What a strange new world, 3.5 readers.
Gotta be honest, I was outraged for 3.5 seconds until I realized the Miss America pageant was basically spanking material for lonely men in a time when there wasn’t any Internet porn. Now that there’s Internet porn, there’s no reason to watch it.
I mean, really, when was the last time you watched it? I haven’t watched it in many moons.
Ehh, let’s be honest though. It’s not like they’re going to remove the swimsuit portion and then suddenly give it to some smart scientist woman who has a big brain but looks like Rosie O’Donnell or something.
They’ll just give it to the hottest chick in the evening wear competition.
I actually wonder if they’re doing this because Trump is president now and wasn’t he the big beauty pageant mogul for awhile?
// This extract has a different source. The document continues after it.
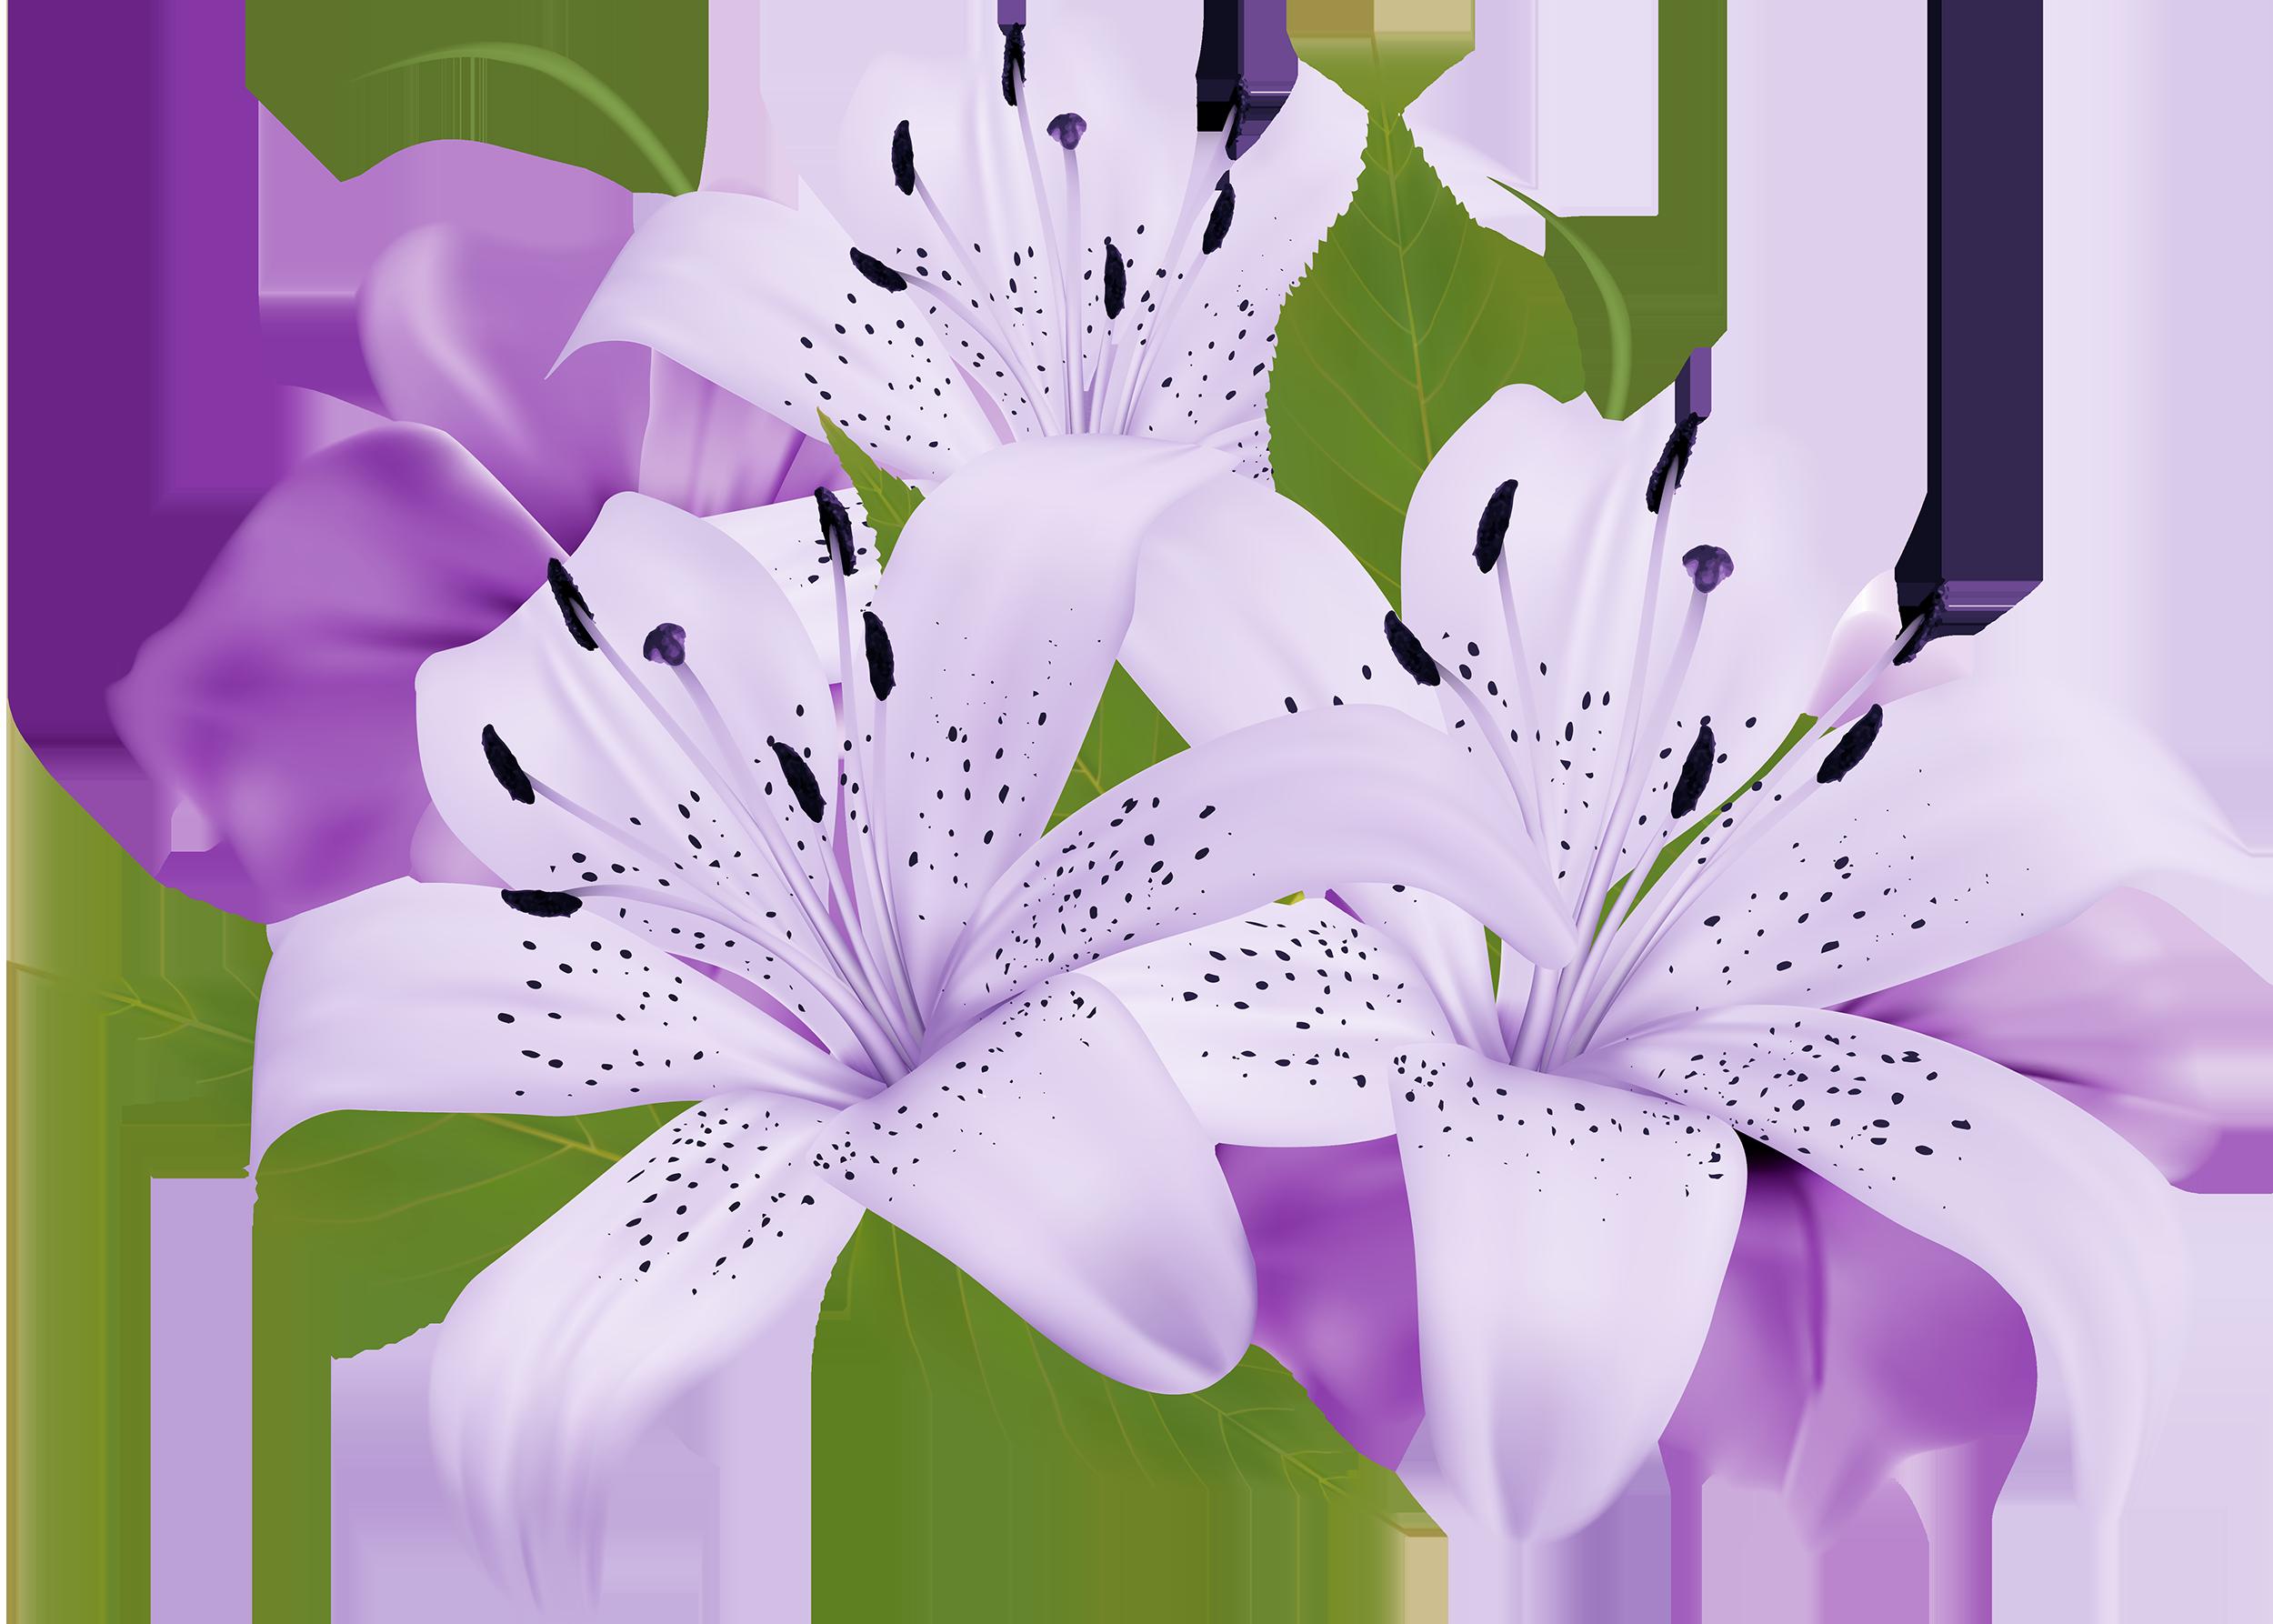 clip royalty free library Violet clipart violet flower. Purple decorative flowers png.
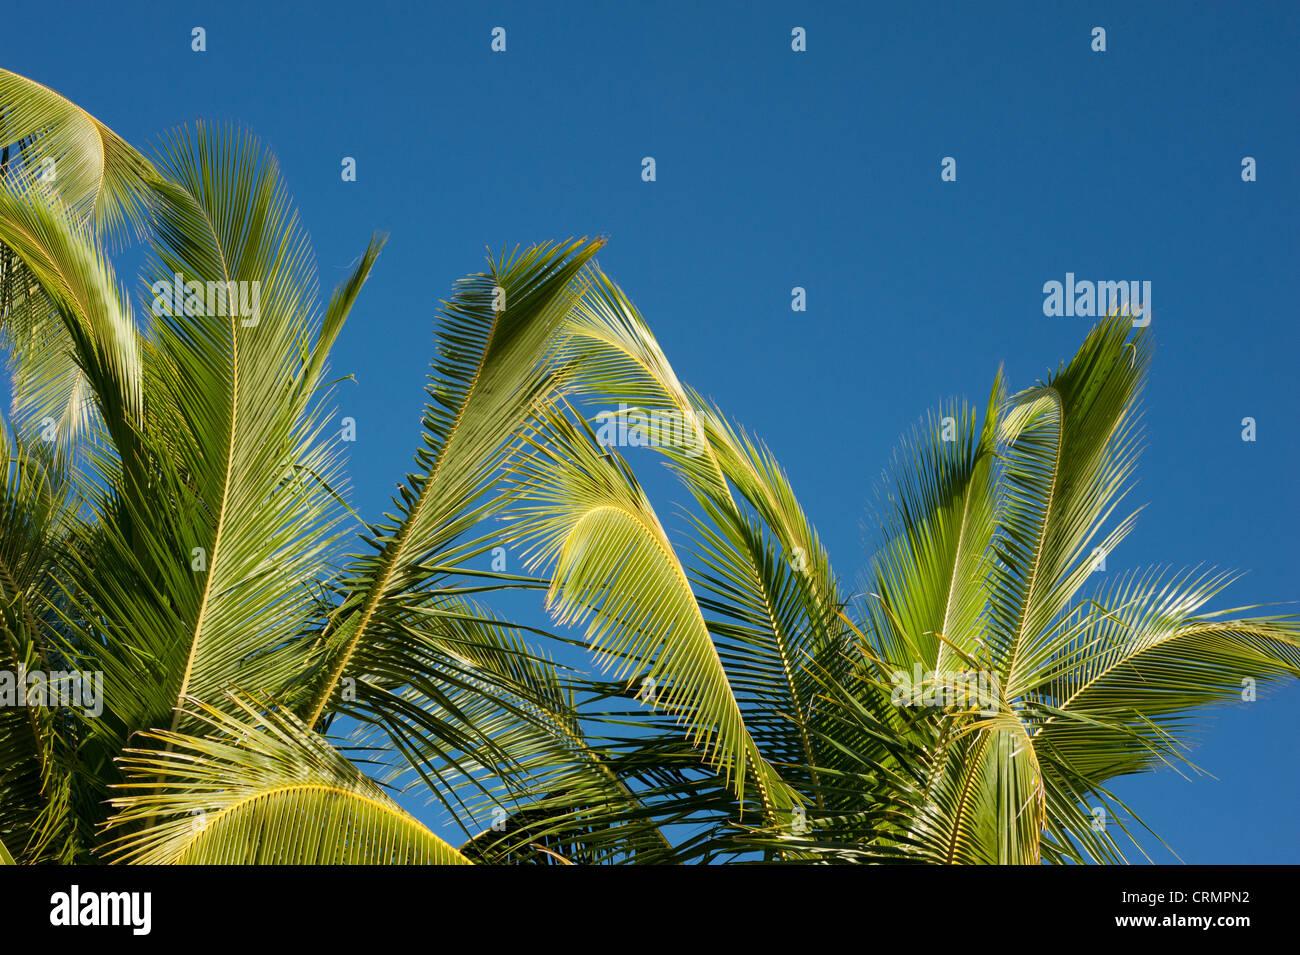 Beach Palm Trees Costa Rica Stock Photos & Beach Palm Trees Costa ...

I don’t remember exactly if he had any sway over Miss America but maybe when he was working in entertainment, casinos, the hot chick model industry, he might have been able to put his two cents in and put the kibosh on this tomfoolery. Giving up power over the hot babe modeling industry to become the leader of the free world. Sheesh. Way to prioritize, Donald.
What say you, 3.5 readers? My feeling is either it’s an antiquated contest where women compete like cattle at the county fair livestock auction and should be retired or otherwise keep it, but let’s not pretend it’s like a great competition of intelligence and talent when the hottest chick is just going to win anyway.
Americans really do love their BS.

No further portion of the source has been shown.